Они шли по проходу, пассажиры провожали их взглядами, выворачивали вслед шеи, Ключников на ходу подумал, как хорошо она сложена. Смуглая и спортивная, сильные загорелые ноги, короткая стрижка, упругий, гарцующий шаг, в ней проглядывалось что-то стремительное, какая-то скрытая резкость, как у игрока в пинг-понг, который в любую секунду может взорваться хлёстким топ-спином; в ней ощутимо угадывалась чувственность, что-то терпкое, некий дурман, соль, жгучий перец.

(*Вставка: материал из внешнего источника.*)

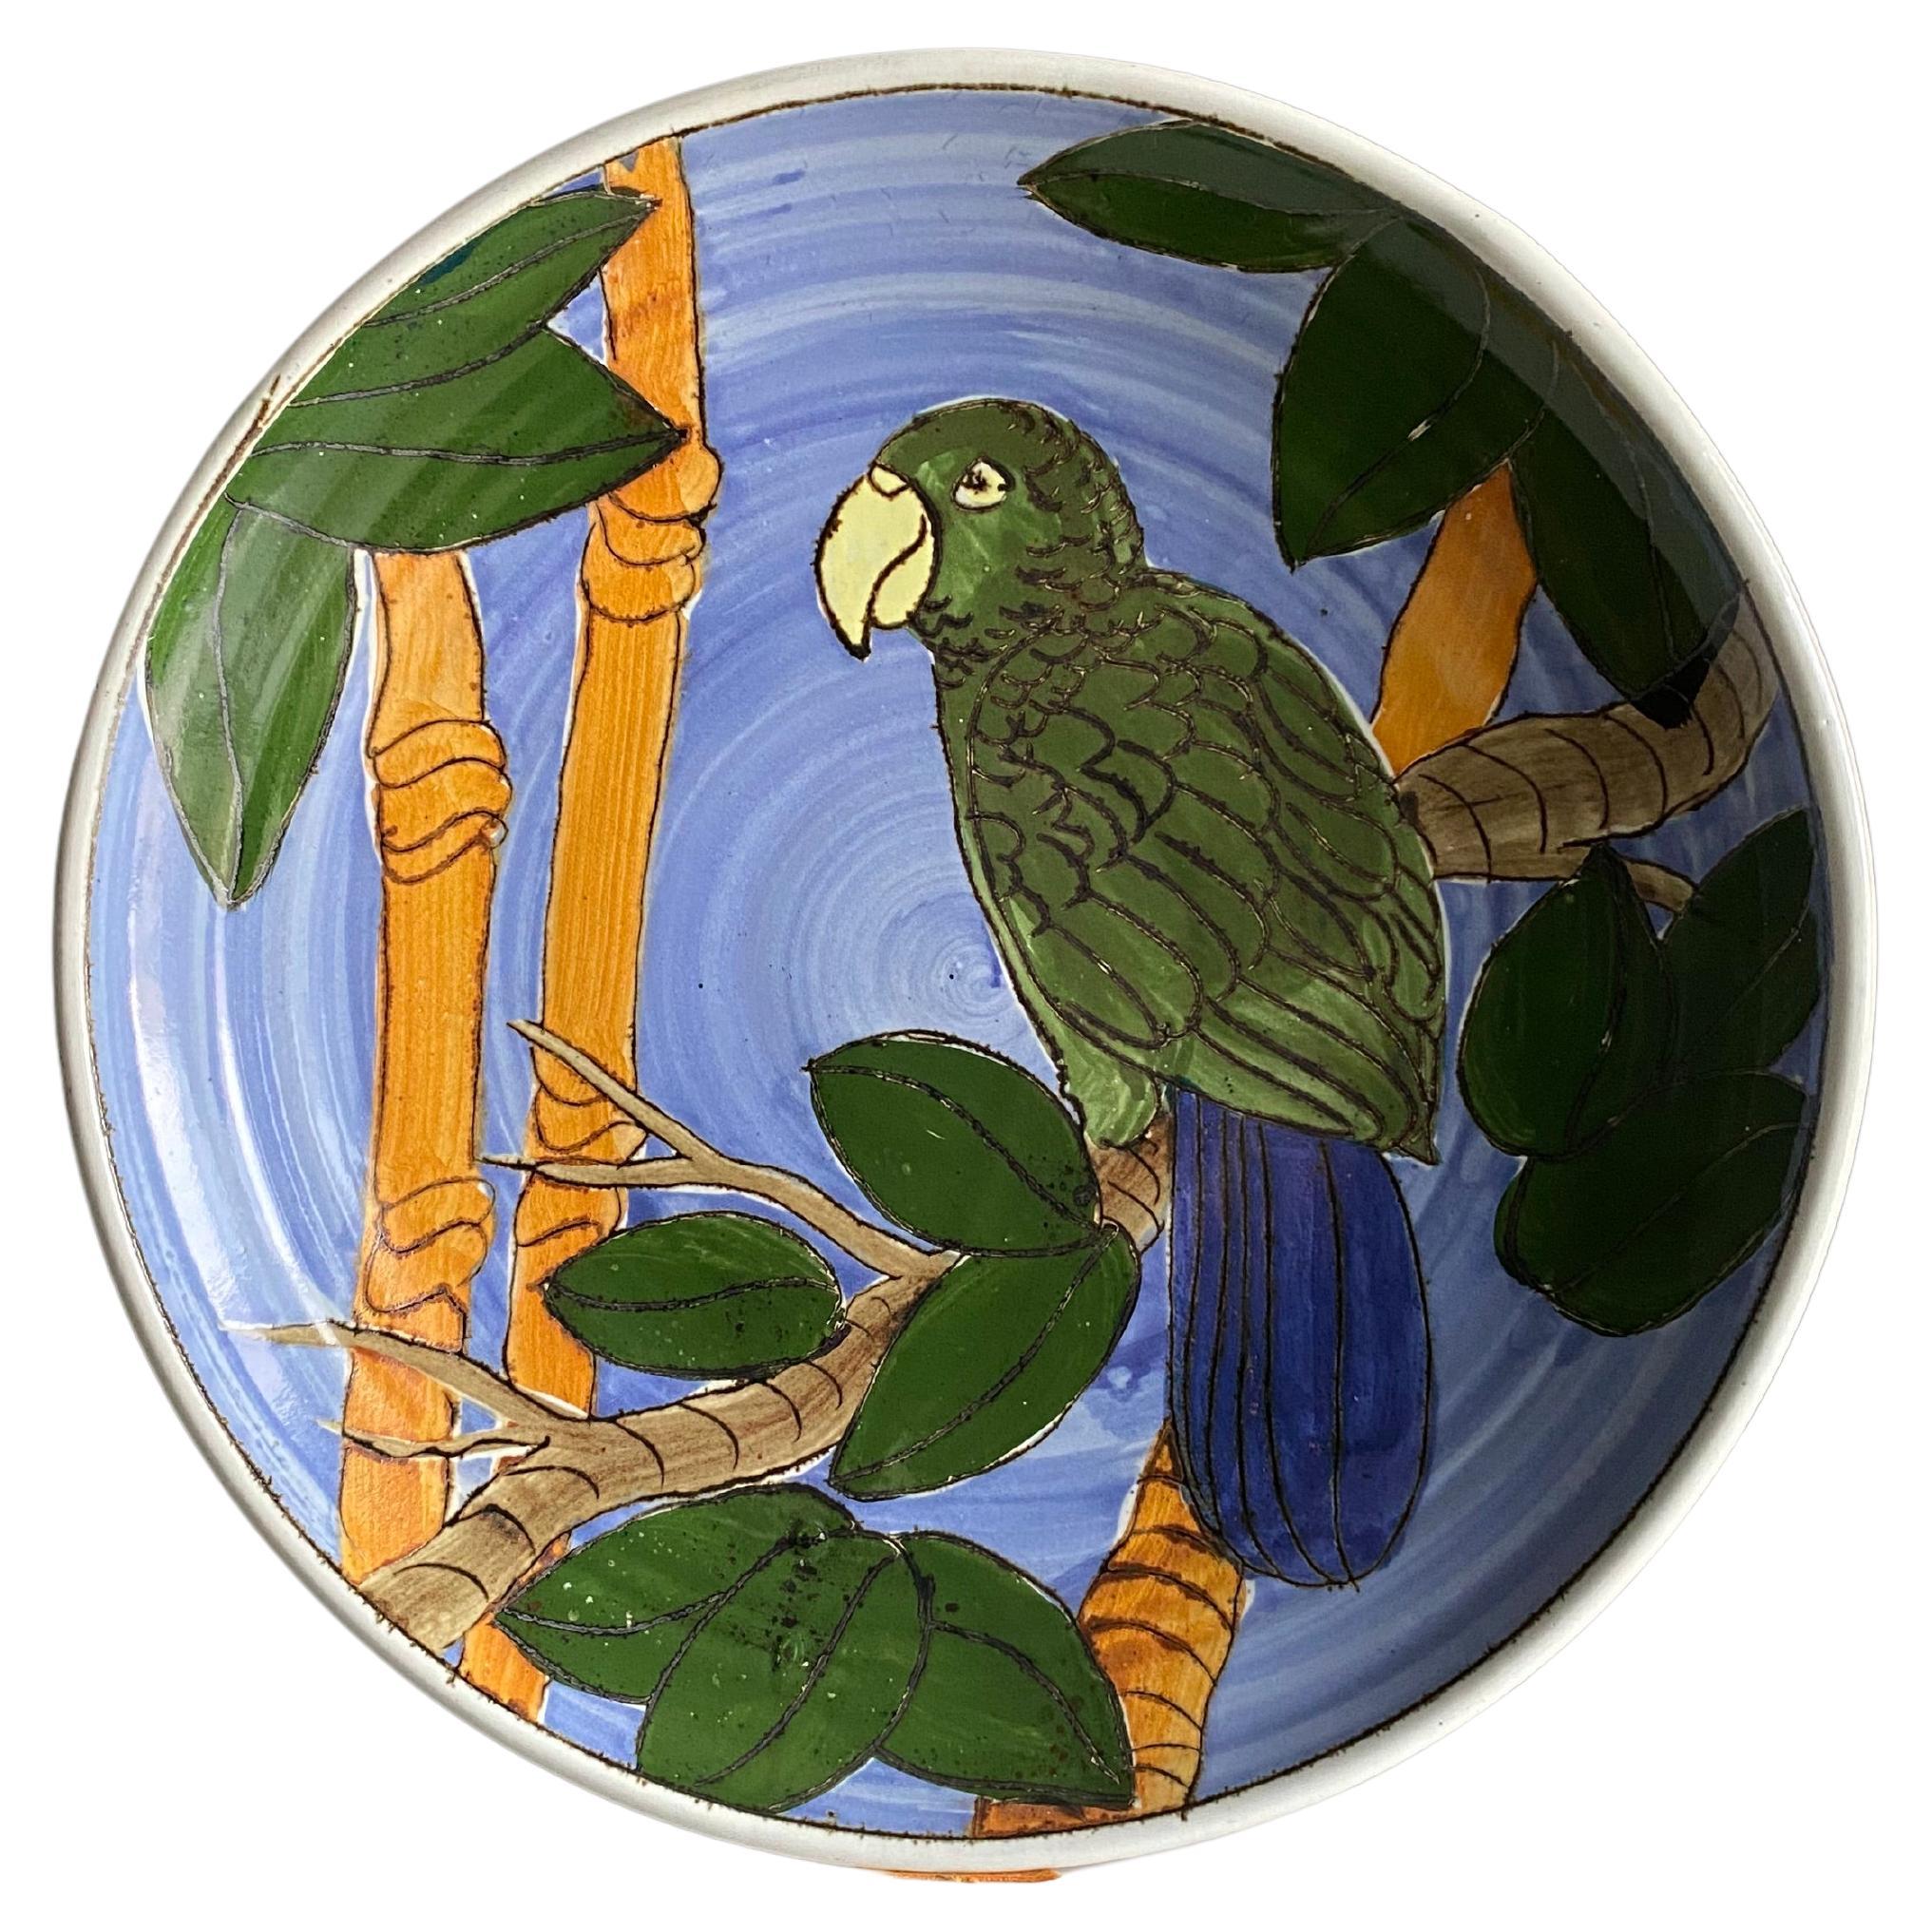 Großformatige exotische Vogel-Keramik-Platte / Teller

Они прошли два вагона, сели, и она по-прежнему беззастенчиво разглядывала его, а он смущённо отводил взгляд, словно стыдился того, что произошло. Между ними уже существовала некая тайная связь, о которой невозможно было ещё ничего сказать, но которая внятно угадывалась.
— Надеюсь, вы проводите меня? — спросила она, когда поезд, постукивая на стыках, приблизился к Белорусскому вокзалу.
— Провожу, — покорно кивнул Ключников.
Записавшись в отряд, Ключников решил съездить в Звенигород. Был будний день, после ошеломительной московской толчеи Звенигород умиротворял медлительностью и тишиной. Ветер рябил воду на Москва-реке и раскачивал высокие корабельные сосны на прибрежных холмах.
Родители были на работе, Галю Сергей застал дома, она дежурила в ночь, днём была свободна, и они, не раздумывая, уединились в сенном сарае. Затворив дверь на щеколду, они привычно поднялись на полати. Под скошенной кровлей висели душистые веники первотравья — дягиль, горицвет, дубровка и мать-и-мачеха, томительный запах кружил голову, как слабое вино.
Сергей обнял Галю, от неё, как всегда, исходило ощущение прохлады, опрятной свежести, устойчивого покоя и надёжного домашнего уюта. Они обнялись, радуясь встрече, и также радостно, безмятежно отдались любви, словно вошли в сильную спокойную реку, неторопливое течение несло их в жаркий послеполуденный час.
Позже они медленно гуляли по окрестным тропинкам, вышли оврагами к Городку и поднялись к Успенскому собору. С высоты холма открылась неоглядная даль, плёс, речная излука, в стороне над лесом высились монастырские купола.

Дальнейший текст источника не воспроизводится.